Exactly the lines from the one containing "U-Line CO2175RF manual" through the end of the data, and nothing more, should be retyped; pictures stay out.
(Information provided)
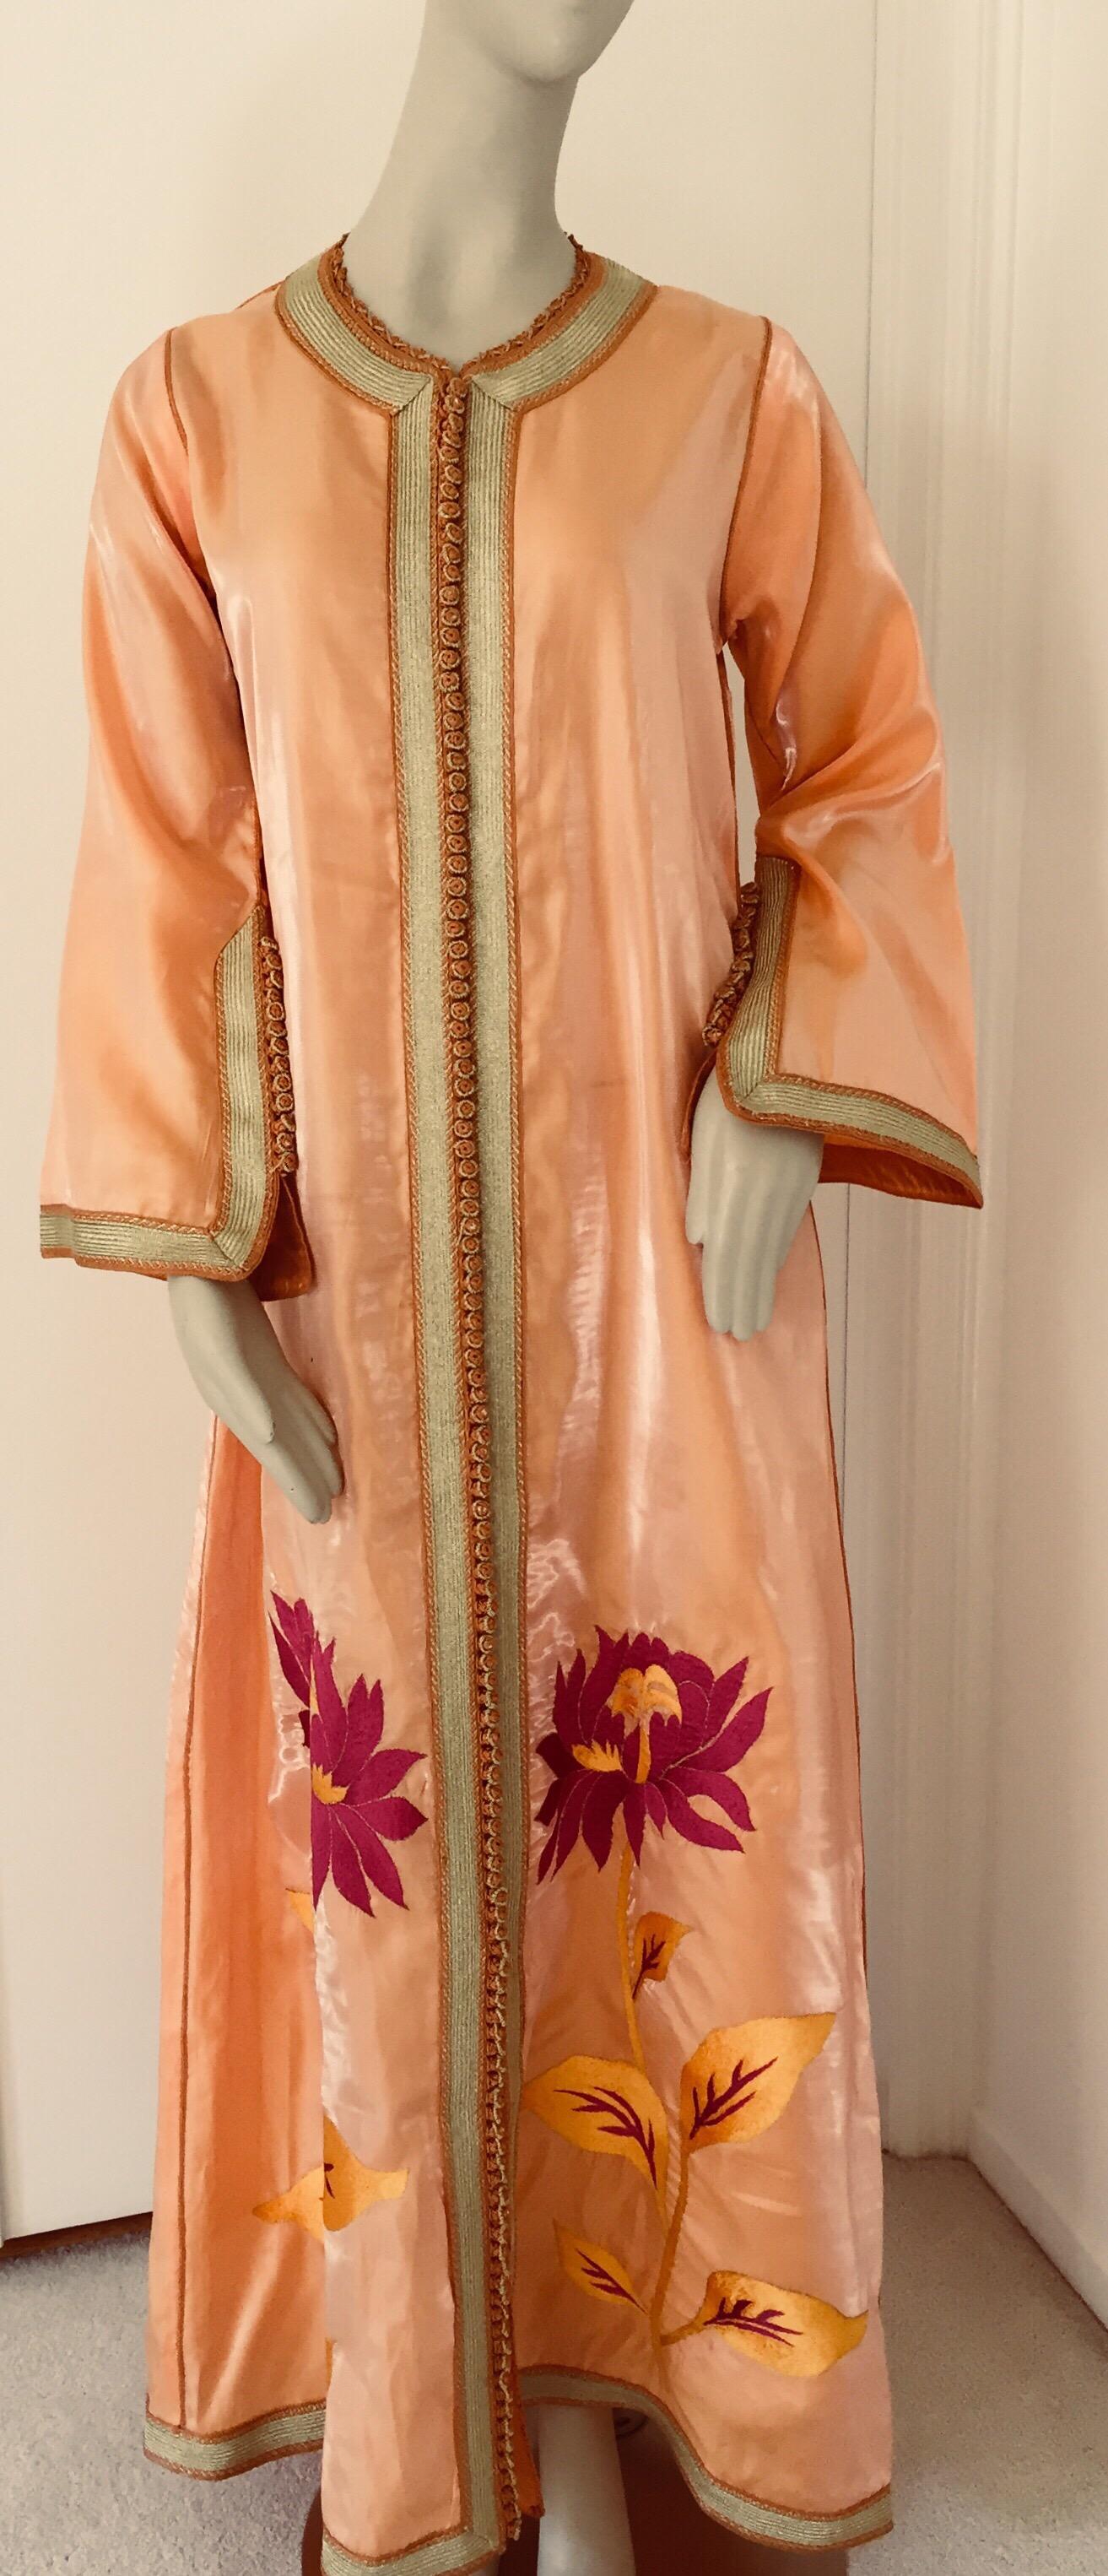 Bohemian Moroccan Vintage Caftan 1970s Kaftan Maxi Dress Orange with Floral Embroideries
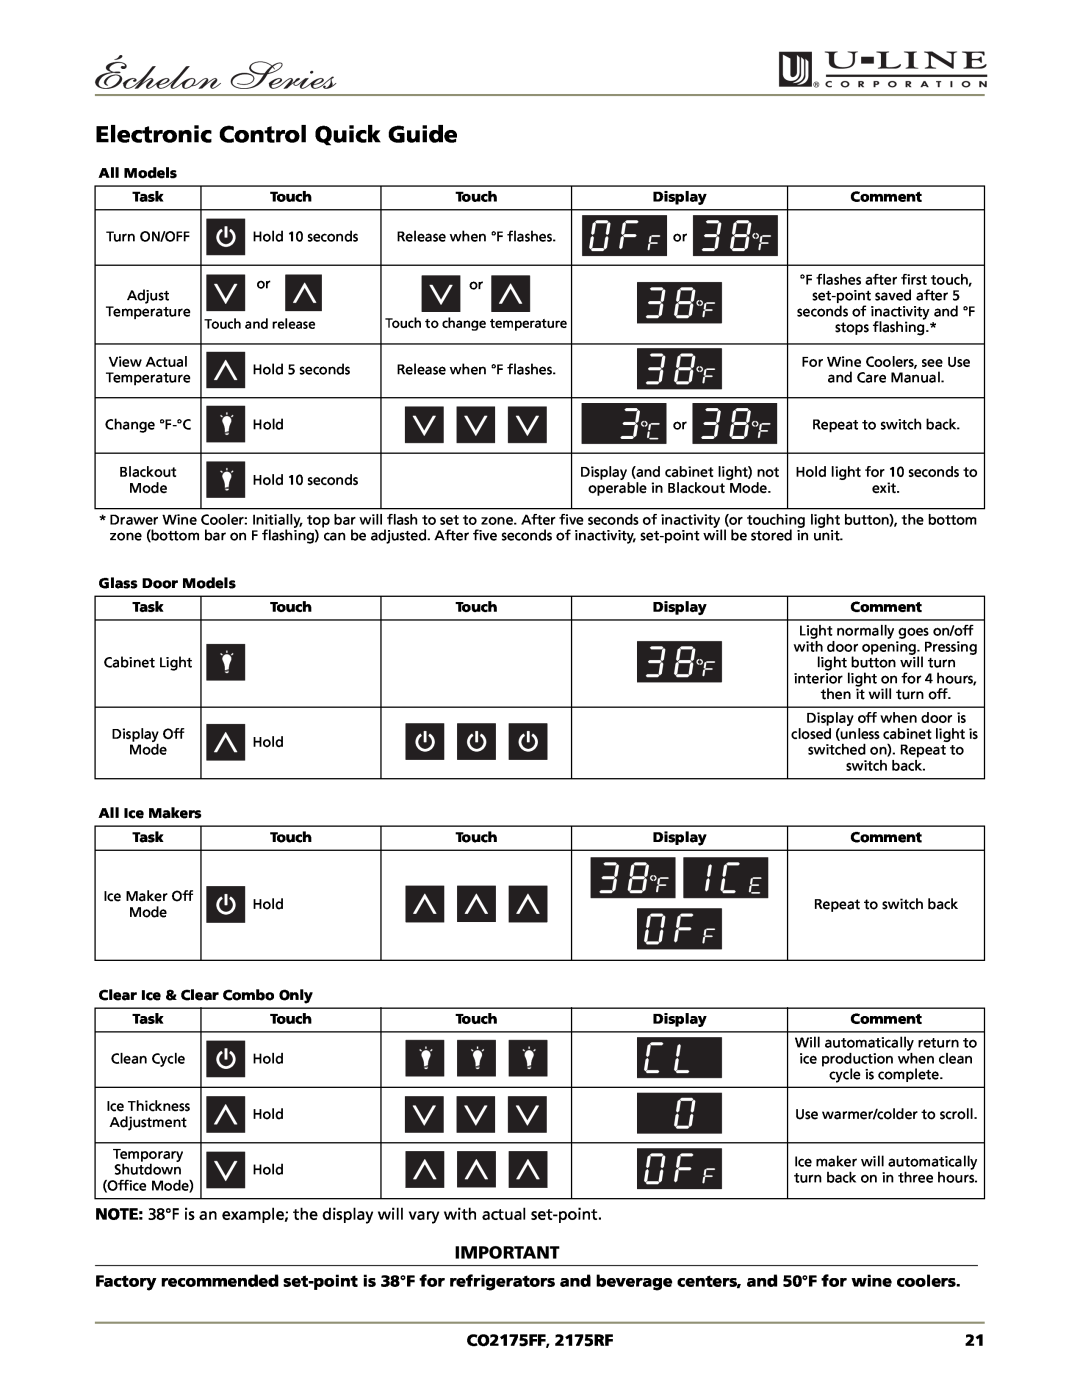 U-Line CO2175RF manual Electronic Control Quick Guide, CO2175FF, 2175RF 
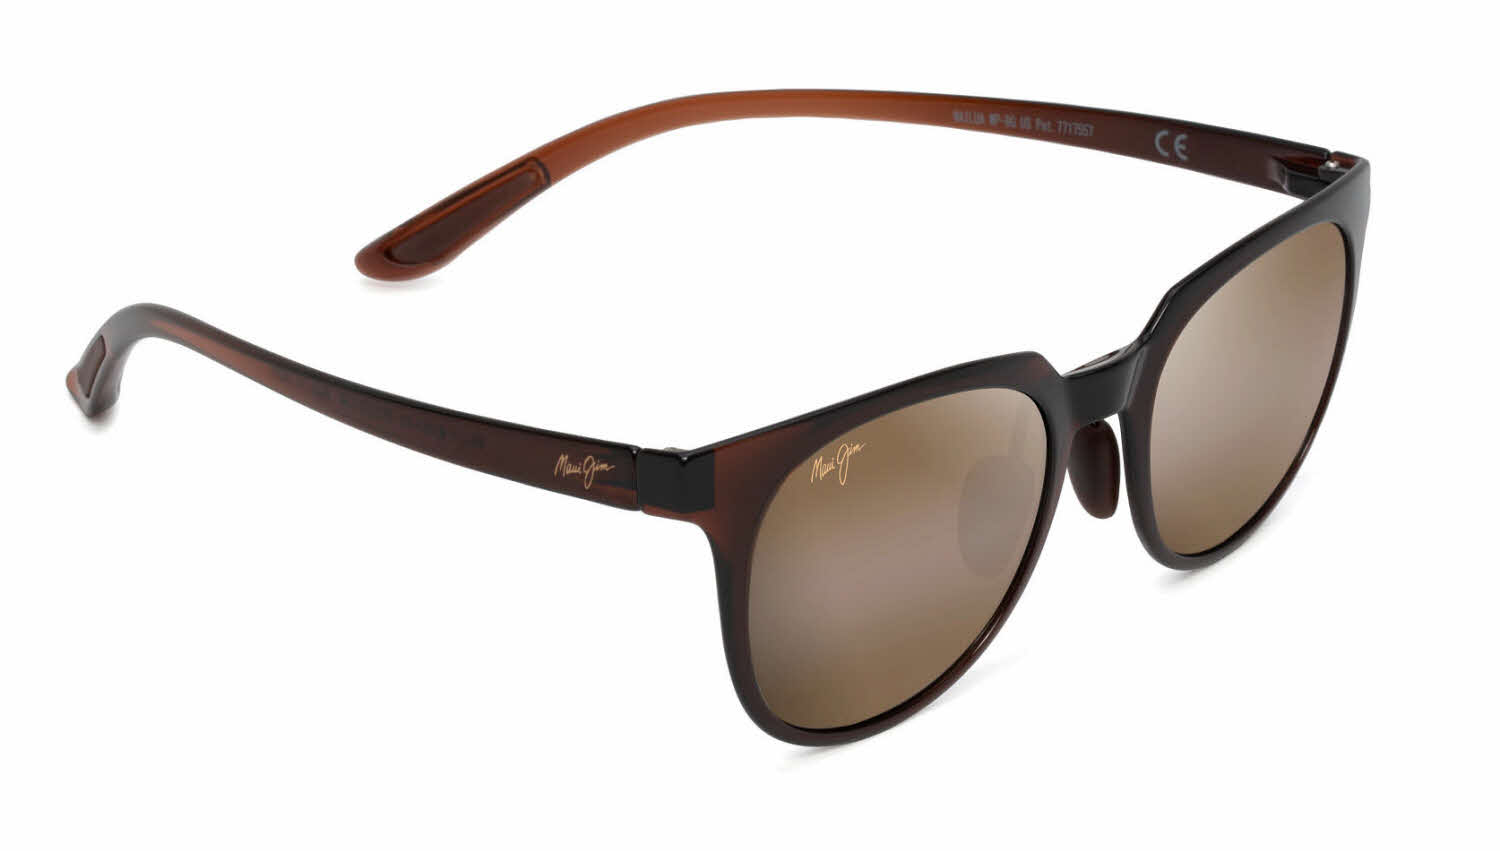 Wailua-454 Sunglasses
(End Information provided)
- **Output for this exercise**
 U-Line CO2175RF manual Electronic Control Quick Guide, CO2175FF, 2175RF 
 Wailua-454 Sunglasses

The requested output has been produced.